Well we do actually have a purely mathematical approach to AI worked out. Granted it requires an infinite computer, and personally I don't think it will lead to practical algorithms. But still, it exists. And from the practical side of things, machine learning is making progress in leaps and bounds. As is our understanding of the brain.

Remember that airplanes weren't built by Da Vinci because he didn't have engines to power them. It wasn't that long after engines were invented that we got airplanes. The equivalent for AI, computing power, is already here or at least getting pretty close.

> Well we do actually have a purely mathematical approach to AI worked out.

Supposedly with enough computer power and enough data, a one stroke solution to everything is stochastic optimal control, but that solution takes, say, just brute force to, say, planetary motion instead of Newton's second law of motion and law of gravity. Else, need to insert such laws into the software, but we would insert only laws humans knew from the past, or have the AI software discover such laws, not so promising. This stochastic optimal control approach is not practical or even very insightful. But it is mathematical.
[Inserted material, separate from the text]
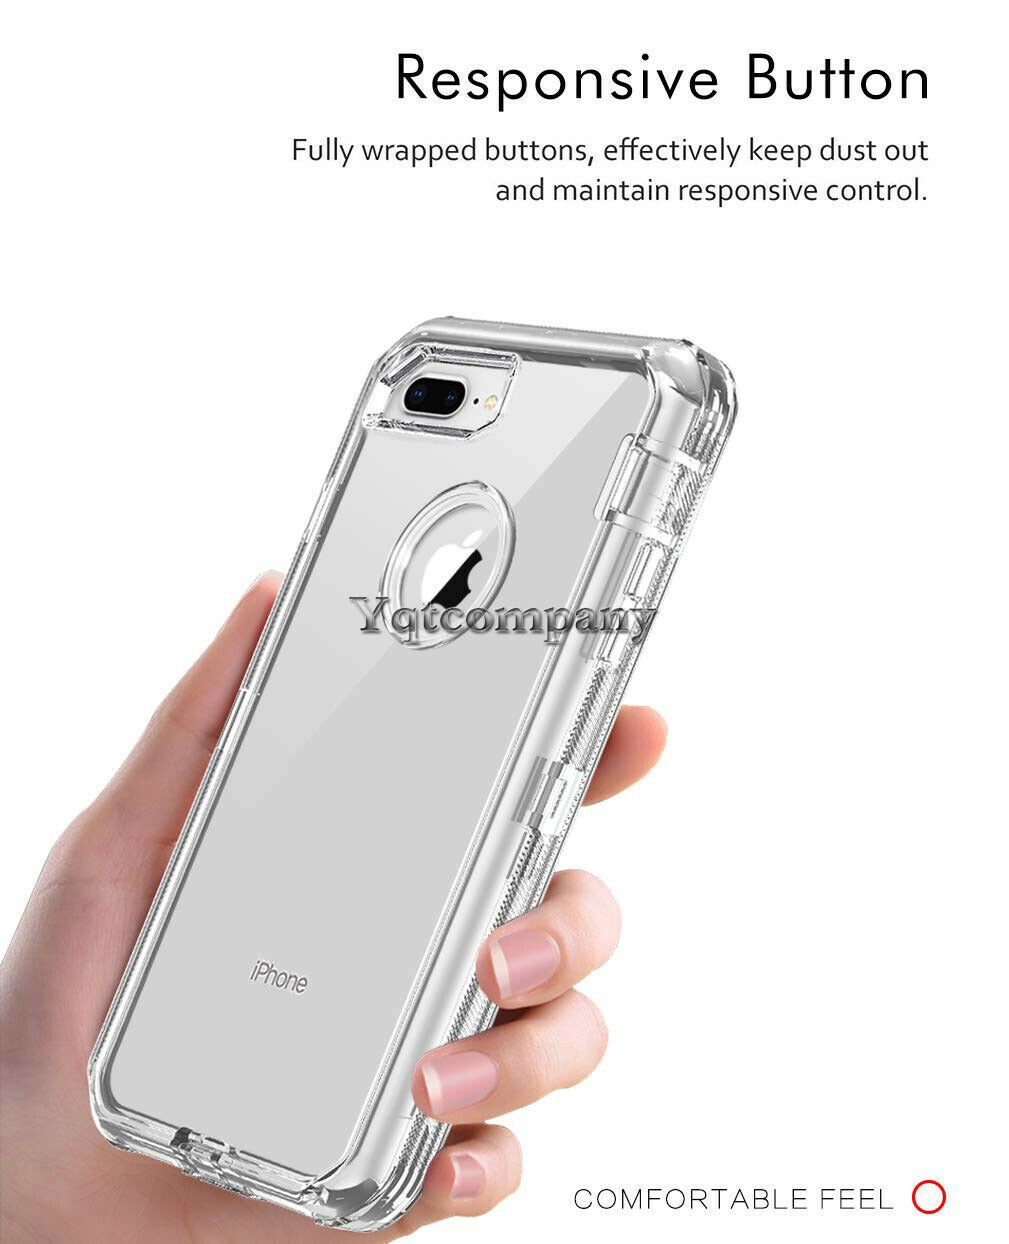 For iPhone 6s 7 8 Plus 11 Pro Max XR XS Max SE ULTRA SHOCKPROOF Armor Cover Case yqtcompany

> machine learning is making progress in leaps and bounds.

I looked at Prof Ng's machine learning course, and all I saw was some old intermediate statistics, in particular, maximum likelihood estimation (MLE), done badly. I doubt that we have any solid foundation to build on for any significantly new and powerful techniques for machine learning. I see nothing in machine learning that promises to be anything like human intelligence. Sure, we can write a really good chess program, but no way do we believe that its internals are anything like human intelligence.

> As is our understanding of the brain.

Right, there are lots of neurons. And if someone gets a really big injury just above their left ear, then we have a good guess at what the more obvious results will be. But that's not much understanding of how the brain actually works.

It's a little like we have a car, have no idea what's under the hood, and are asked to build a car. Maybe we are good with metal working, but we don't even know what a connecting rod is.

> It wasn't that long after engines were invented that we got airplanes.

The rest needed was relatively simple, the wind tunnel, some spruce wood, glue, linen, paint, wire, and good carpentry. For the equivalent parts of AI, I doubt that we have even a weak little hollow hint of a tiny clue.

In some of the old work in AI, it was said that a core challenge was the 'representation problem'. If all that was meant was just what programming language data structures to use, then that was not significant progress.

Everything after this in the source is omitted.